Agaves, Mexican heritage

Certainly, the maguey (agave) is a wonderful plant, as described by the great botanist Carl Linnaeus in 1753 when he named this genre “Agave” (from Greek Agavo: something great, illustrious, noble, wonderful). Particularly in Mexico, every town with agaves developed a culinary culture associated with these plants. Whether to make popular beverages such as pulque, mezcal, tequila, bacanora, raicilla, xtabentún, aguamiel, atole de aguamiel, etc.; or as an ingredient for some meals such as mixiotes, earth oven lamb barbecue, pancita, sweet quiote, etc,. or its derivatives as agave worm-salt, chinicuiles sauce, etc.

The name maguey comes from Caribean language, nevertheless there are many regions with the indigenous population that still call this plant after their native language name:

Name: language Name: language
Metl: Nahuatl Uada:  Otomí
Doba:  Zapoteco Guarú:  Mazahua
Cachro:  Popoloca Haamxö:  Seri
Akamba: purépecha Hepe:  Zoque
Ki:  Maya Tzihim:  Huasteco
Natsu:  Mazateco Xuni:  Matlatzinca
Yavi:  Mixteco Yu’wa: Tlapaneco
Mai:  Huichol Cuu’u: Mayo
Muaíj: Cora Huue:  Triqui
Yi va:  Cuicateco Al-mal:  Chontal

In certain towns stronger bonding with magueyes were developed. Nowadays we can see this bonding in the vast variety of uses given to this plant. Mezcal in particular, is one of those typical Mexican products, due to the wide distribution of agaves throughout Mexican territory. This drink can be found in different towns all along Mexican territory and its origin dates from several generations ago.

Since precolonial times, Mexican landscapes were shape by agaves

But when did it first began?

Mezcal was born with Mexican miscegenation. The most accepted version says that the Spaniards were the ones who brought the distillation equipment, “the still” who in turn adopted it from the Arabs. However, other theories suggest that its origin may come from the Pacific. Such as in the case of mezcal producers who use so-called “Filipino distillers”, also known as the famous clay pots distillers, from where “mezcal de olla” comes from. The thing is that these technologies coupled really well with the diversity of agaves already known since then by the various towns of the indigenous population who lived in the regions of Mesoamerica and Aridoamérica. Especially in Mesoamerica this two elements (distillers and agaves) formed a new amalgam and thus a new product was born, MEZCAL.
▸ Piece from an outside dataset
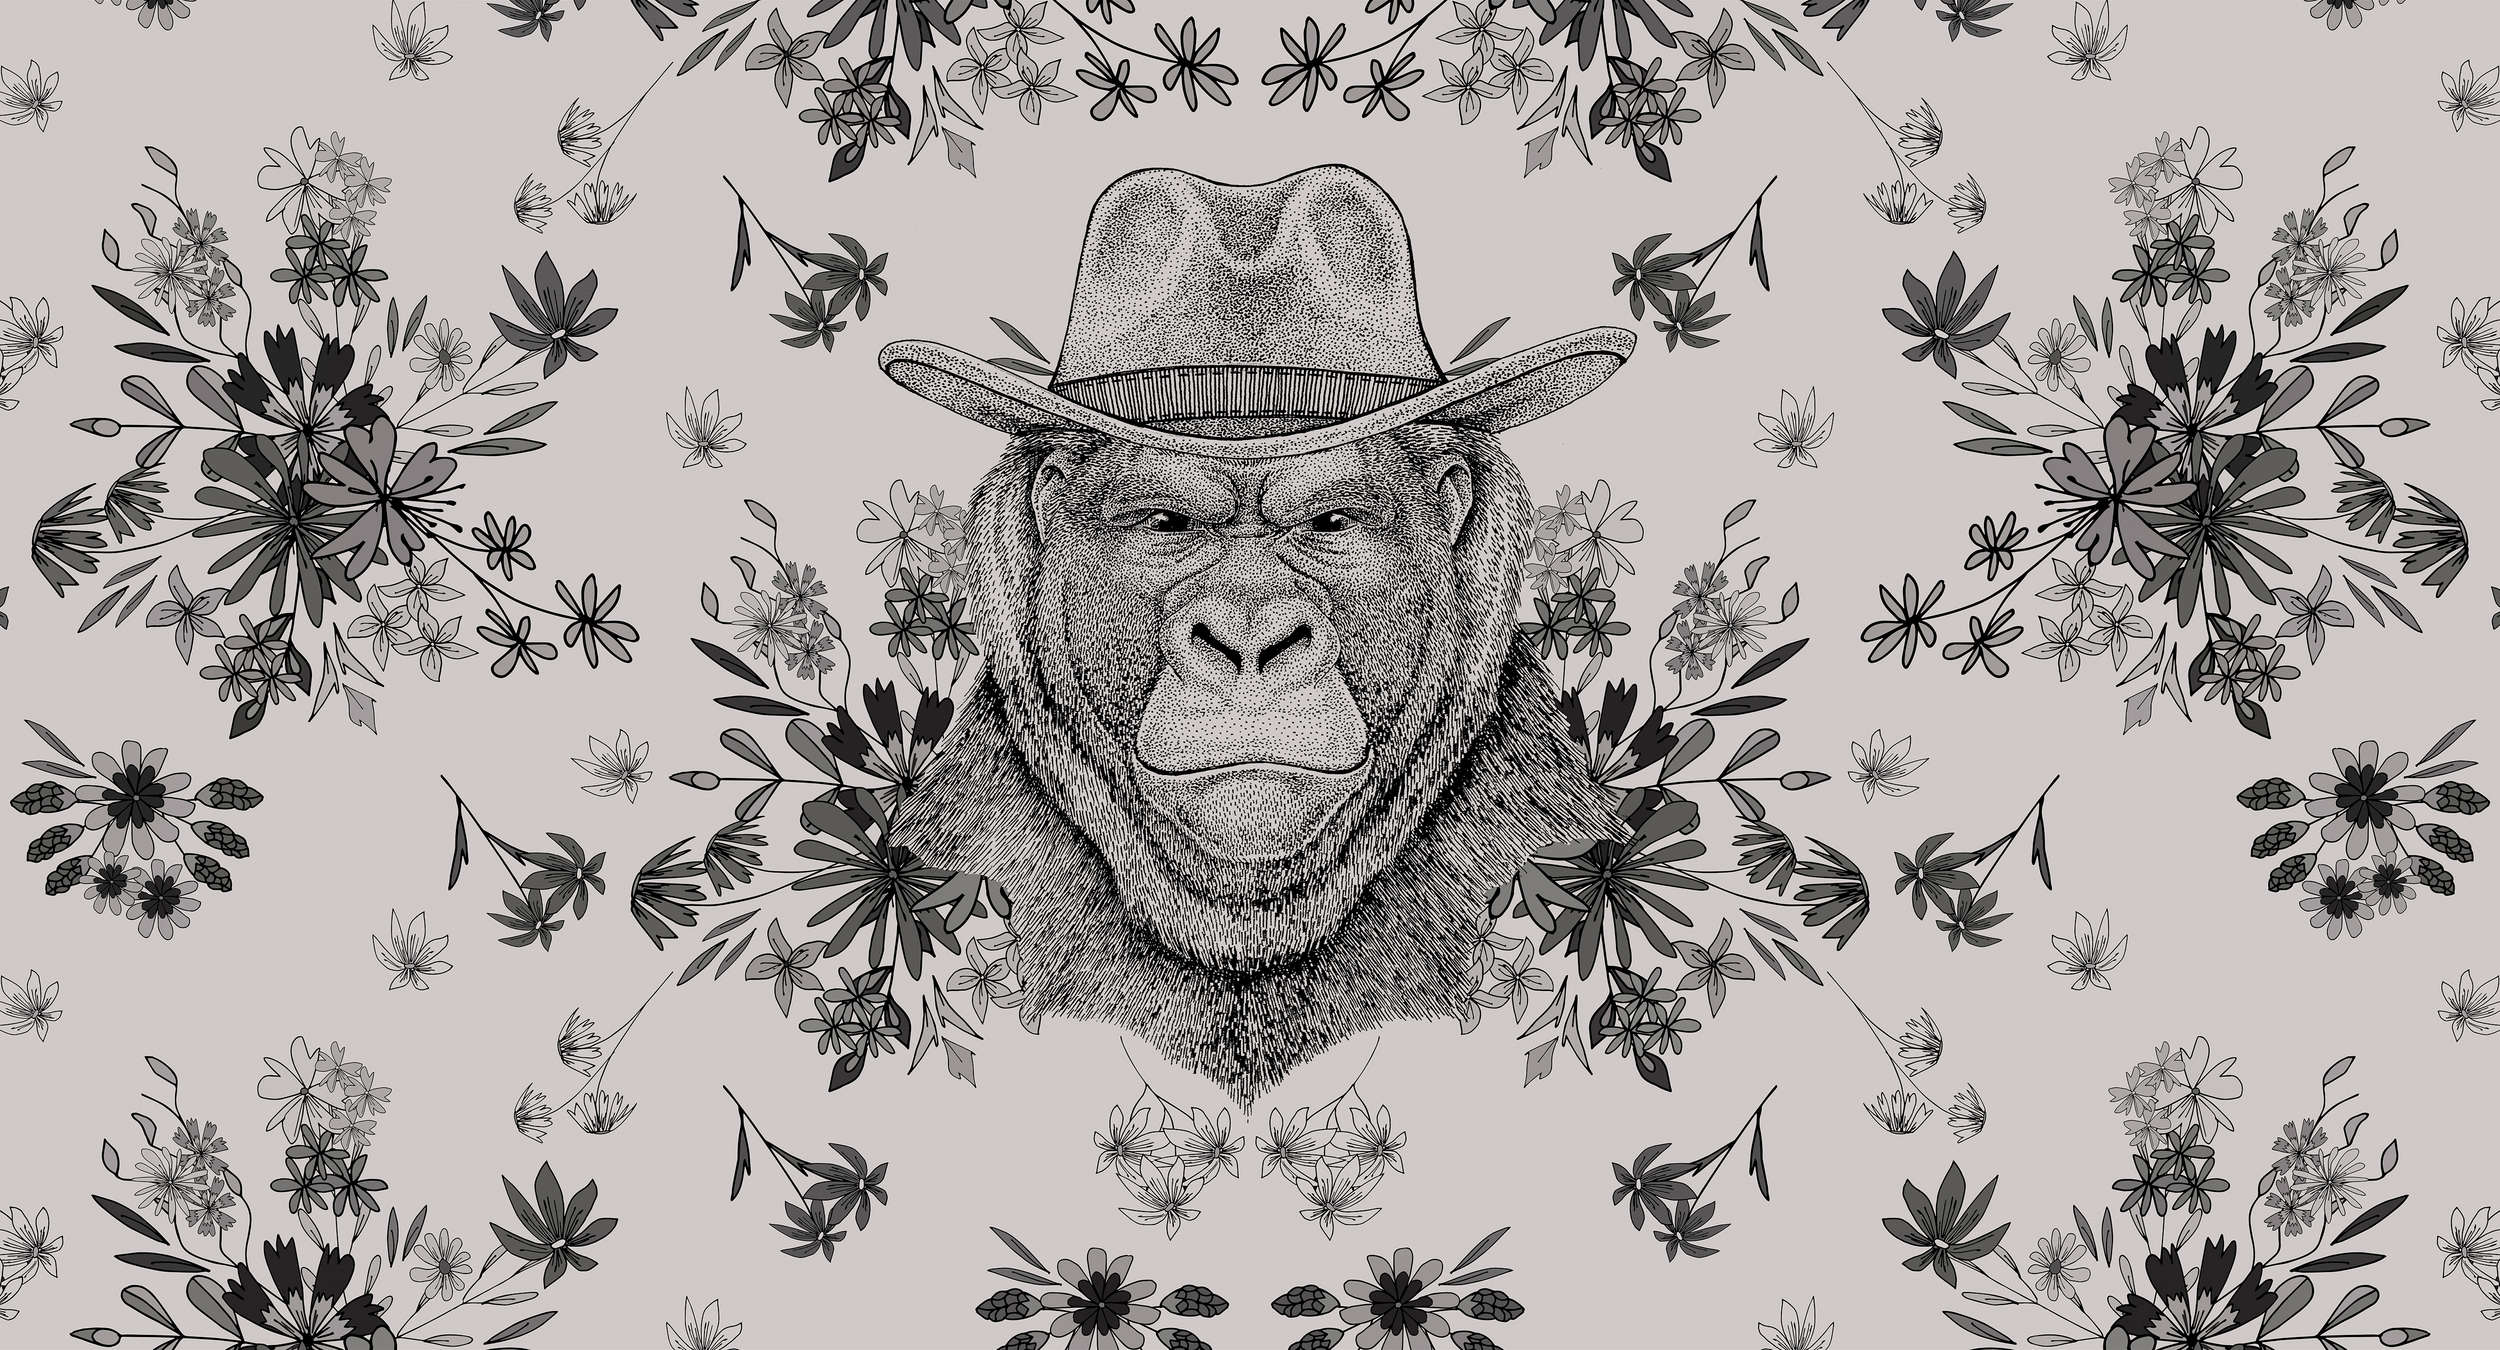             Papel pintado de diseño Gorila en estilo dibujo - Gris, Negro
        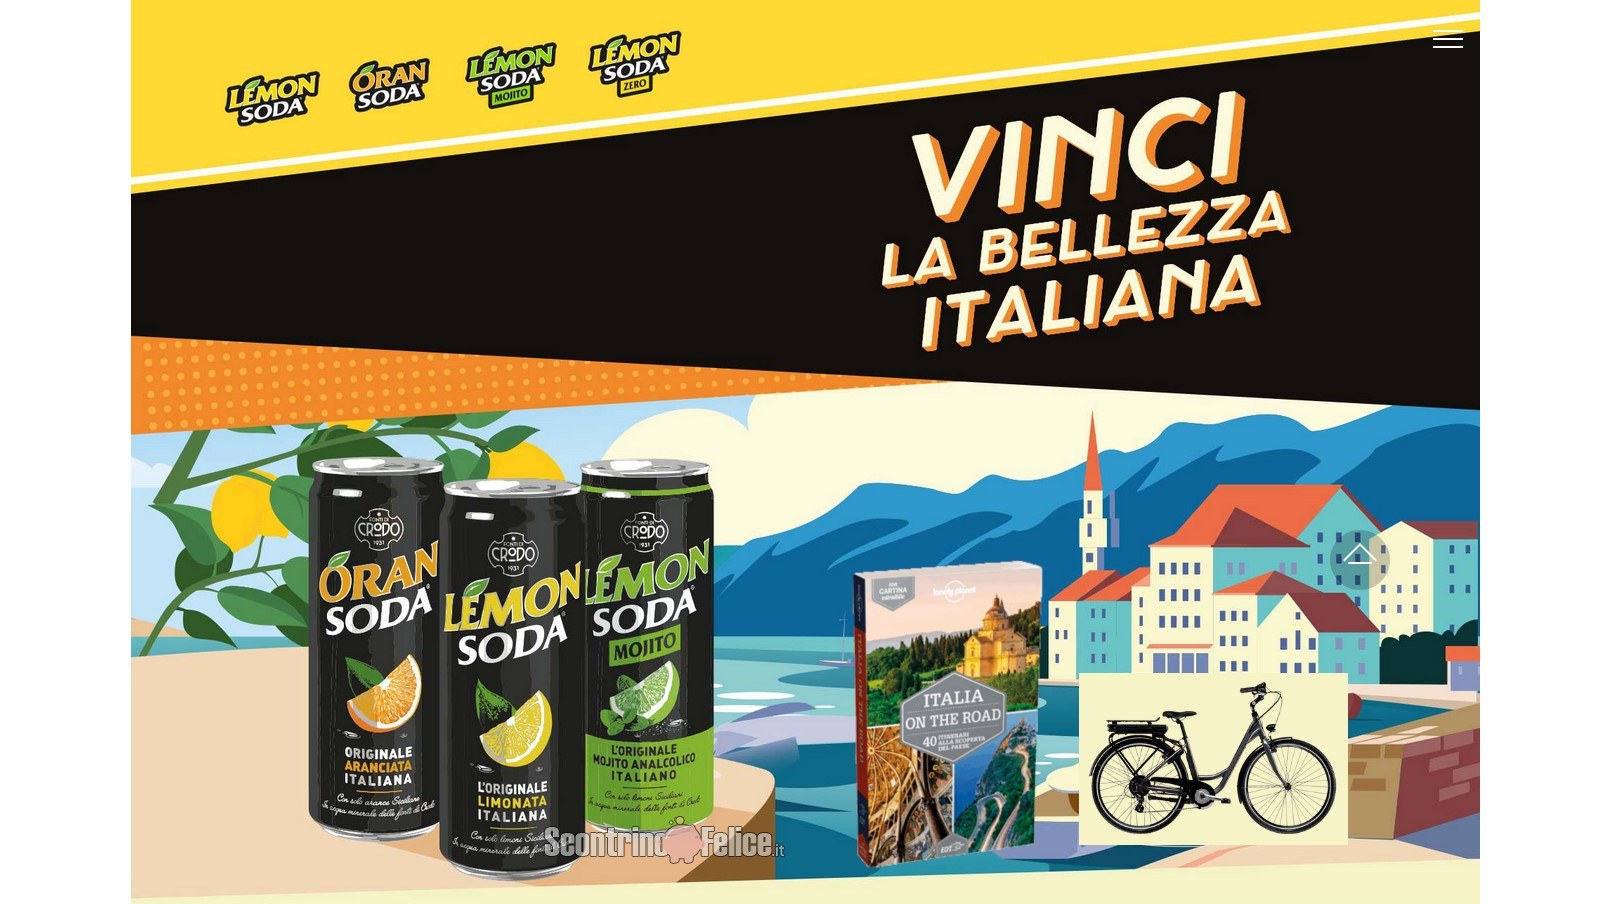 Concorso Lemonsoda "Vinci la bellezza italiana": in palio guide Lonely Planet "Italia On The Road" e bici elettrica E-Spillo Bianchi

Today, Mexico has become emblematic for beverages like mezcal, tequila, and bacanora. Its great tradition is reflected in the need to protect these products through Certificates of Origin and their correspondents regulations the Mexican Official Standards (NOM-070-SCFI-1994 “Mezcal” NOM-006-SCFI-2012 “Tequila” and NOM-168 -SCFI-2004 “Bacanora”).

Each master mezcalero (different ones from mezcal PhD degrees who make a very respectful job introducing new people to mezcal world but in this case the ones who were born in the media as in the case of family tradition mezcal producers) print their job in the mezcal process, and thereby agave soul is distilled. Each generation has perfected their technique and has given an additional touch to their product. Today, there is a present legacy that Master Mezcaleros have inherited from their ancestors. This legacy is the knowledge of the process of making artisanal mezcal.

However, there is a risk of being lost if new generations of young fail to fairly and equitably incorporate in the production value chain. This implies that both the market recognizes Artisanal Mezcal as a traditional and handmade quality Mexican product, and secondly, that the new generations of Mezcaleros (mezcal-producers) become aware and able to identify the needs of a contemporary and changing market. Often, this means that new mezcal-producers should develop more efficient and innocuous manufacturing processes for mezcal without losing the artisanal aspect that differentiates them.

And finally, it’s important that both producers and consumers recognize the importance of Mexican regulations regarding the harvest of wild agaves, up to now ignorance has only generated ecological damage and today many mezcal-producers have been pushed to abandon this activity due to lack of raw material for mezcal producing. Fortunately, there are some towns where for the sake of sustainable production of mezcal, have developed alternative production schemes in order to preserve natural resources of their region, generating new jobs for their local people.

Cirial (Agave karwinskii Zucc.) and espadín (Agave
angustifolia
 Haw.) agave heads ready for been cooked.

Traditional earth oven uncovered after agave cooking.

 Cooked agave heads grist

Preparation y Fermentation of agave broths after its milling.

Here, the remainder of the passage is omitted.